See the `examples/` directory for complete working examples:

- `basic_usage.py`: Extract video metadata and comments
- `batch_processing.py`: Process multiple videos
- `channel_usage.py`: Extract channel profile data

Run any example:

```bash
python examples/basic_usage.py
```

## API Reference

### Core Classes

#### YouTubeCore
Base class for YouTube interactions.

- `__init__(url: str)`: Initialize with YouTube URL
- `fetch_html() -> str`: Fetch HTML content
- `extract_ytinitialdata(html: str) -> dict`: Extract ytInitialData
- `make_api_request(endpoint: str, payload: dict) -> dict`: Make API requests

#### Video
Extract video metadata.

- `__init__(url: str)`: Initialize with video URL
- `extract_metadata() -> dict`: Extract and return video metadata

#### Comments
Extract video comments.

- `__init__(url: str)`: Initialize with video URL
- `get_comments() -> dict`: Extract and return comments data

#### Channel
Extract channel profile and videos.

- `__init__(url: str)`: Initialize with channel URL
- `extract_profile(max_videos: int | str = 200) -> dict`: Extract profile data
  - `max_videos`: Number of videos to load, or 'all' for all videos

### Utils Module

- `extract_number(text: str) -> int`: Extract numbers from text (handles German formatting)
- `extract_links(text: str) -> list`: Extract URLs from text

## Data Structures

### Video Metadata
```json
{
  "title": "Video Title",
  "view_count": 299955,
  "duration_in_seconds": 6994,
  "description": "Video description...",
  "tags": ["tag1", "tag2"],
  "video_id": "VIDEO_ID",
  "channel_id": "UC...",
  "is_owner_viewing": false,
  "is_crawlable": true,
  "thumbnail": {...},
  "allow_ratings": true,
  "author": "Channel Name",
  "is_private": false,
  "is_unplugged_corpus": false,
  "is_live_content": false,
  "like_count": 8547,
  "channel_name": "Channel Name",
  "category": "Gaming",
  "publish_date": "2023-12-01",
  "upload_date": "2023-12-01",
  "family_safe": true,
  "channel_url": "https://...",
  "subscriber_count": 1400000
}
```

### Comment Data
```json
{
  "top_comment": [...],
  "comments": [
    {
      "author": "Username",
      "text": "Comment text",
      "likeCount": 196,
      "publishedTimeText": "vor 1 Tag",
      "authorThumbnail": "https://...",
      "commentId": "...",
      "replyCount": 1
    }
  ]
}
```

### Channel Profile
```json
{
  "title": "Channel Title",
  "description": "Channel description...",
  "channelId": "UC...",
  "channelUrl": "https://...",
  "keywords": "keyword1 keyword2",
  "isFamilySafe": true,
  "links": ["https://..."],
  "subscriberCountText": "159.000 Abonnenten",
  "viewCountText": "84.770 Aufrufe",
  "videoCountText": "2583 Videos",
  "subscribers": 159000,
  "total_views": 84770,
  "video_count": 2583,
  "featured_video": {
    "videoId": "...",
    "title": "Featured Video Title",
    "description": "Featured video description..."
  },
  "videos": [
    {
      "videoId": "...",
      "title": "Video Title",
      "publishedTimeText": "vor 1 Tag",
      "viewCountText": "40.773 Aufrufe",
      "lengthText": "1:02:58",
      "thumbnails": [...]
    }
  ],
  "loaded_videos_count": 1
}
```

## Limitations

- **Rate Limiting**: YouTube may rate-limit requests.
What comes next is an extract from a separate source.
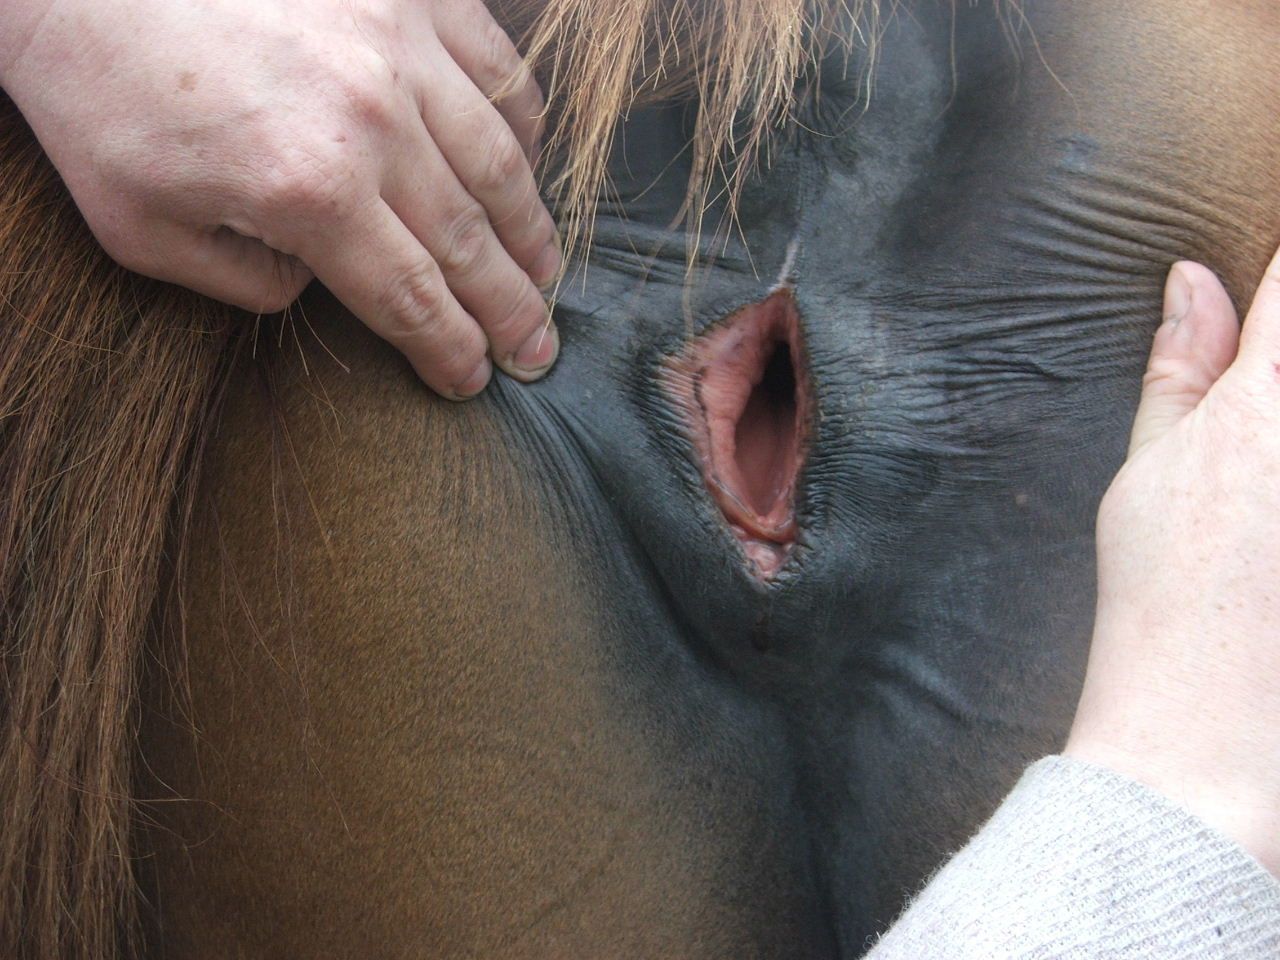 Horse Vagina Porn - Man puck pusies horse - Porn best image 100% free.

Add delays between requests for bulk operations.
- **Comment Limits**: Without authentication, typically 40-50 comments can be loaded per video.
- **Video Limits**: Channel video extraction may be limited by YouTube's pagination.
- **Terms of Service**: This library is for educational purposes. Respect YouTube's Terms of Service and robots.txt.

## Troubleshooting

- **Import Errors**: Ensure NGTube folder is in your Python path
- **API Errors**: YouTube changes their internal APIs frequently. The library uses current endpoints as of December 2025.
- **Missing Data**: Some videos/channels may have restricted data access

## Contributing

This library is maintained for educational purposes. Feel free to submit issues or improvements.

## License

This project can be used by anyone with attribution.